__EXERCISE DIRECTIONS__: All of the data should be output character for character, except the pictures.
(Beginning of DATASET SECTION)
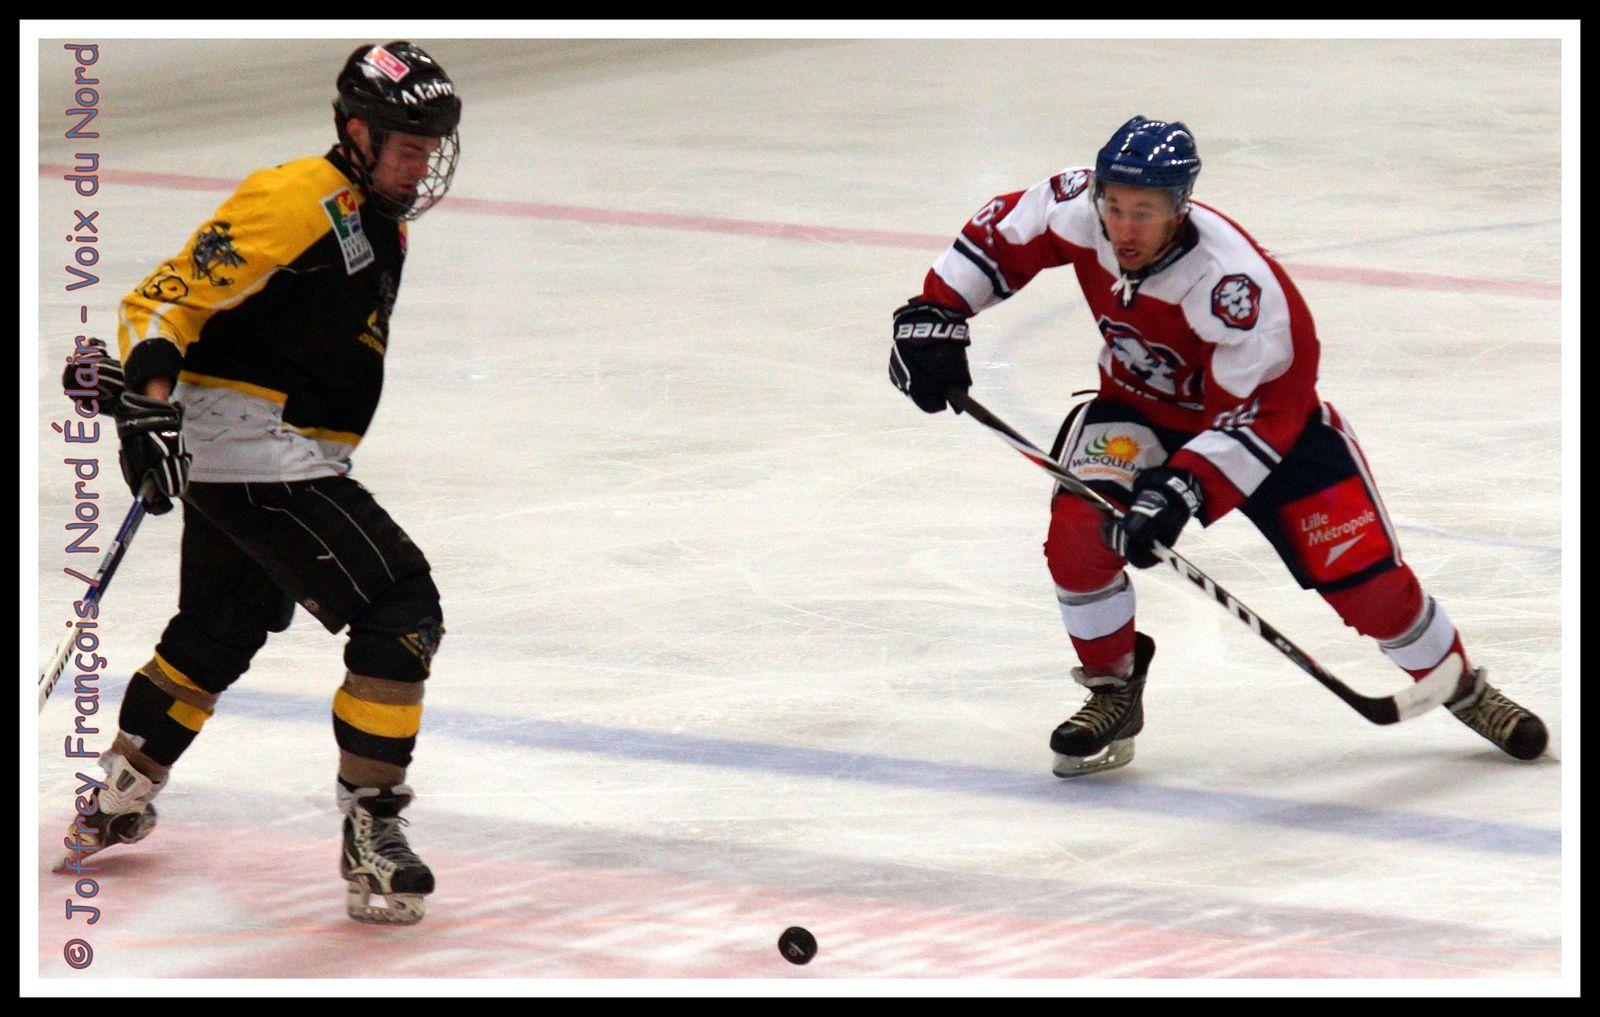 18.10.14 Hockey/glace + tennis de table
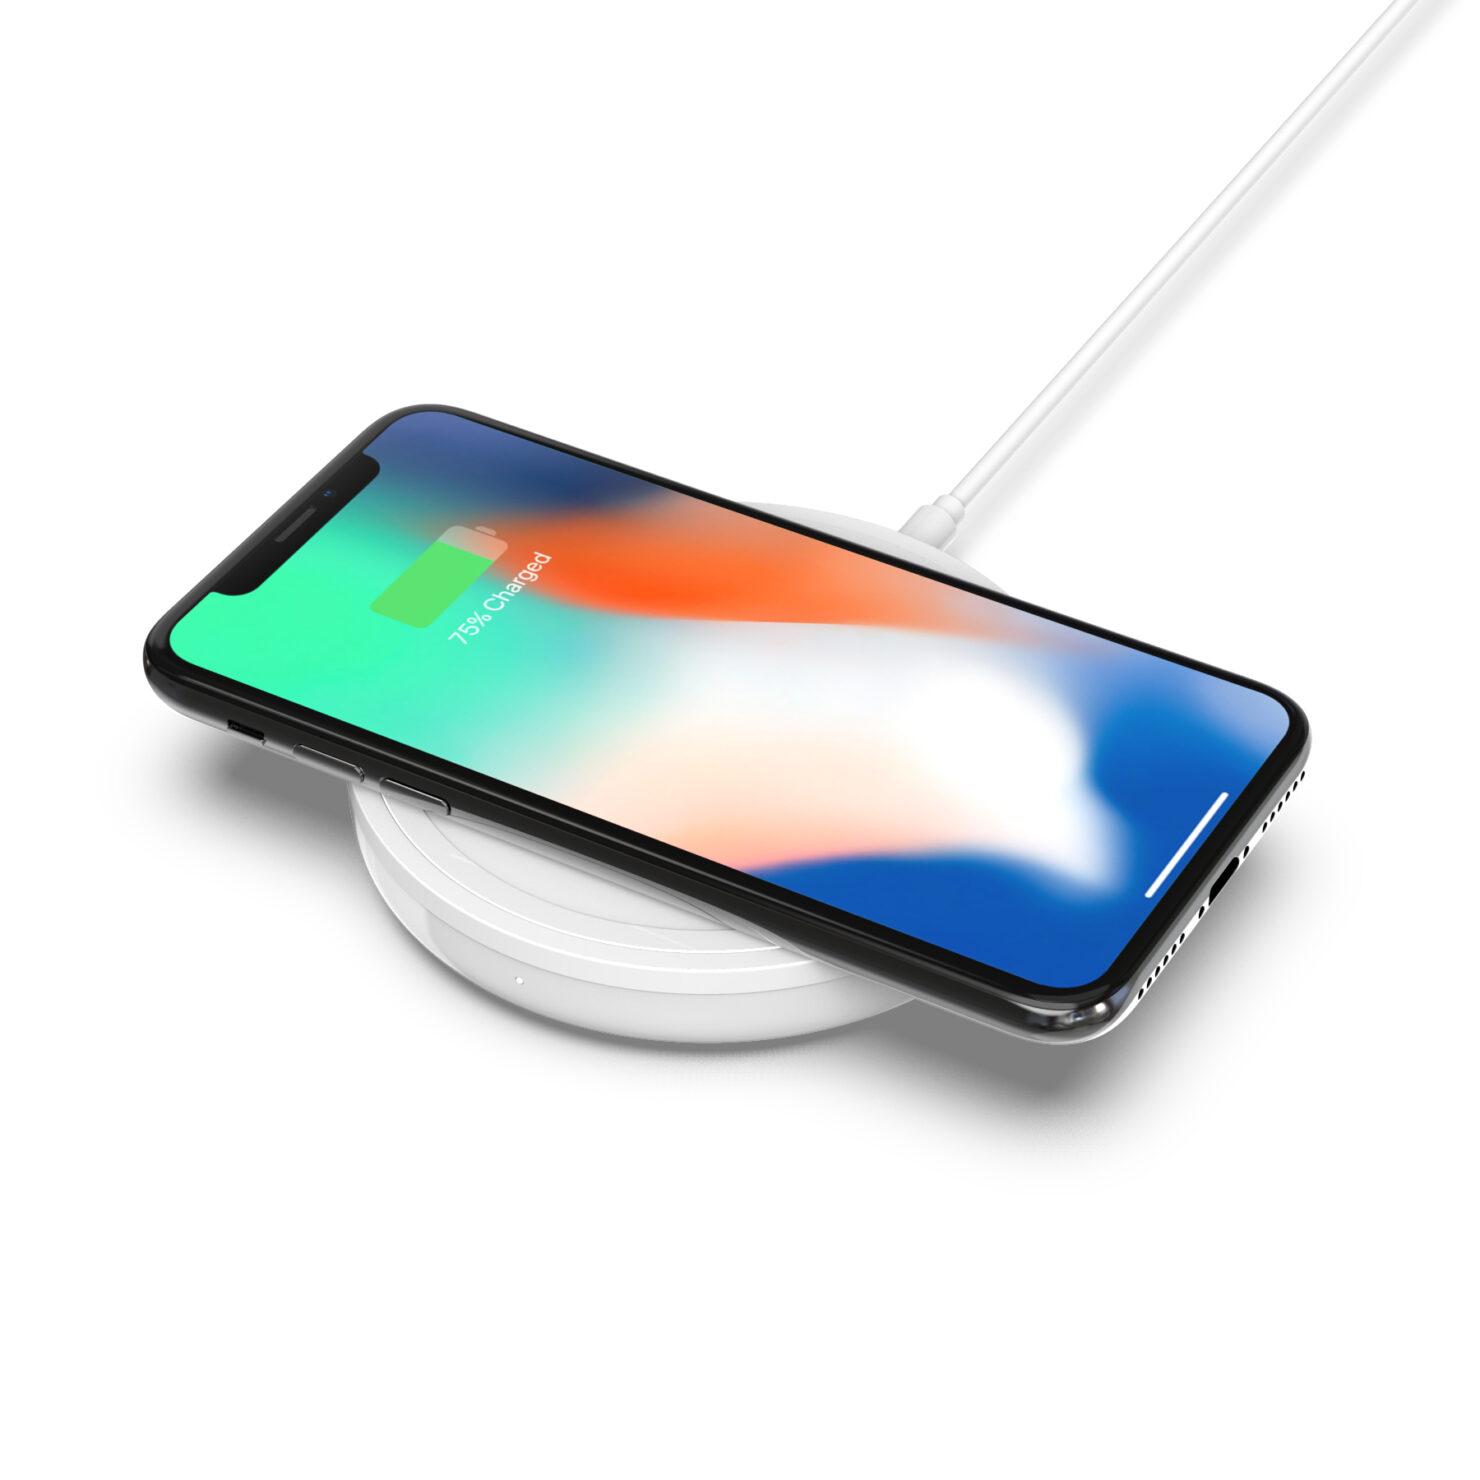 bold_charging_pad_iphone_3
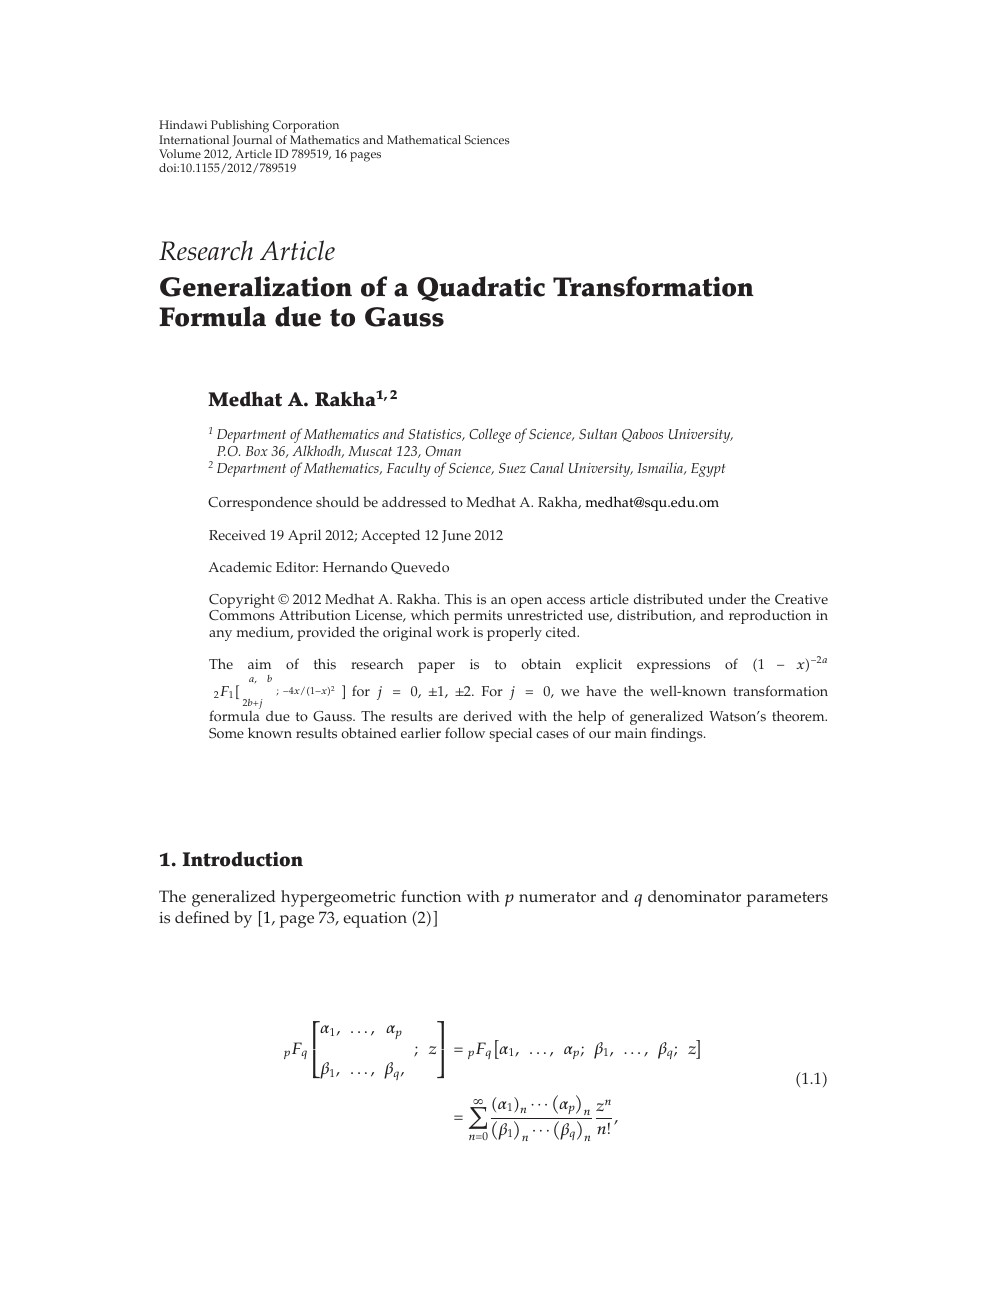 Generalization of a Quadratic Transformation Formula due to Gauss
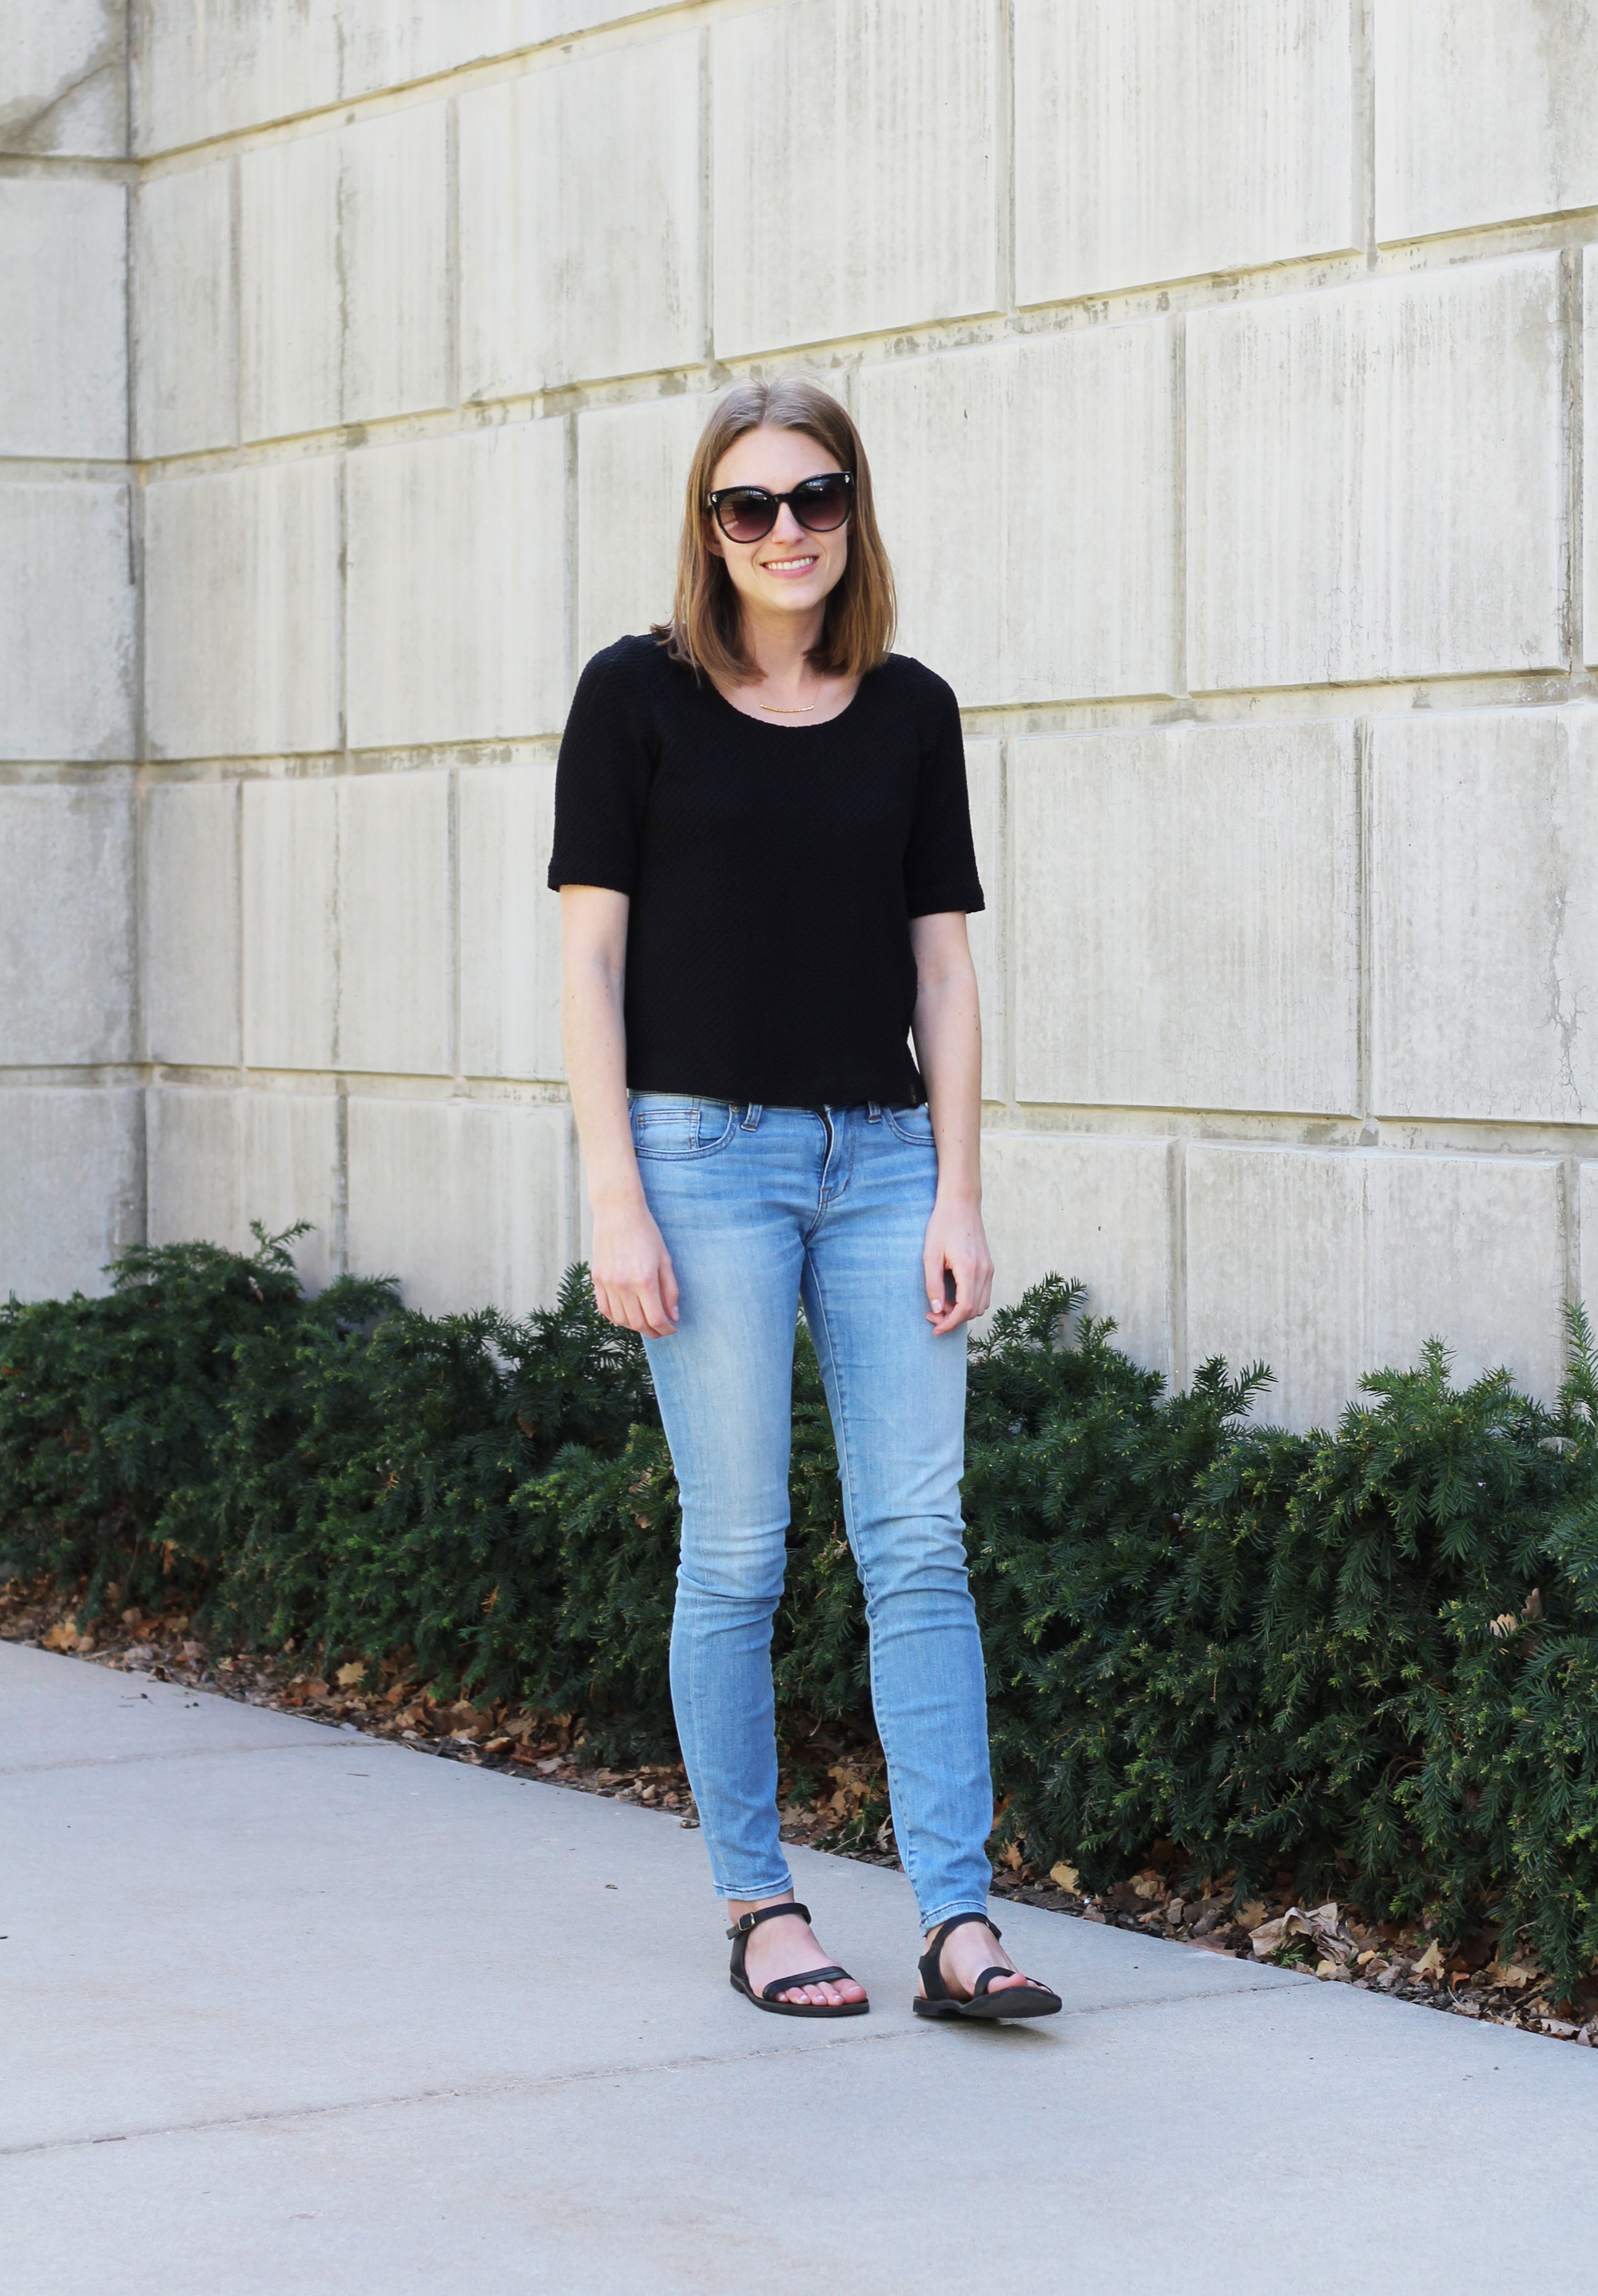 Black Anthropologie top, light wash Madewell skinny jeans, black sandals, gold Gorjana bar necklace — Cotton Cashmere Cat Hair
(End of DATASET SECTION)
__SOLUTION__:
 18.10.14 Hockey/glace + tennis de table
 bold_charging_pad_iphone_3
 Generalization of a Quadratic Transformation Formula due to Gauss
 Black Anthropologie top, light wash Madewell skinny jeans, black sandals, gold Gorjana bar necklace — Cotton Cashmere Cat Hair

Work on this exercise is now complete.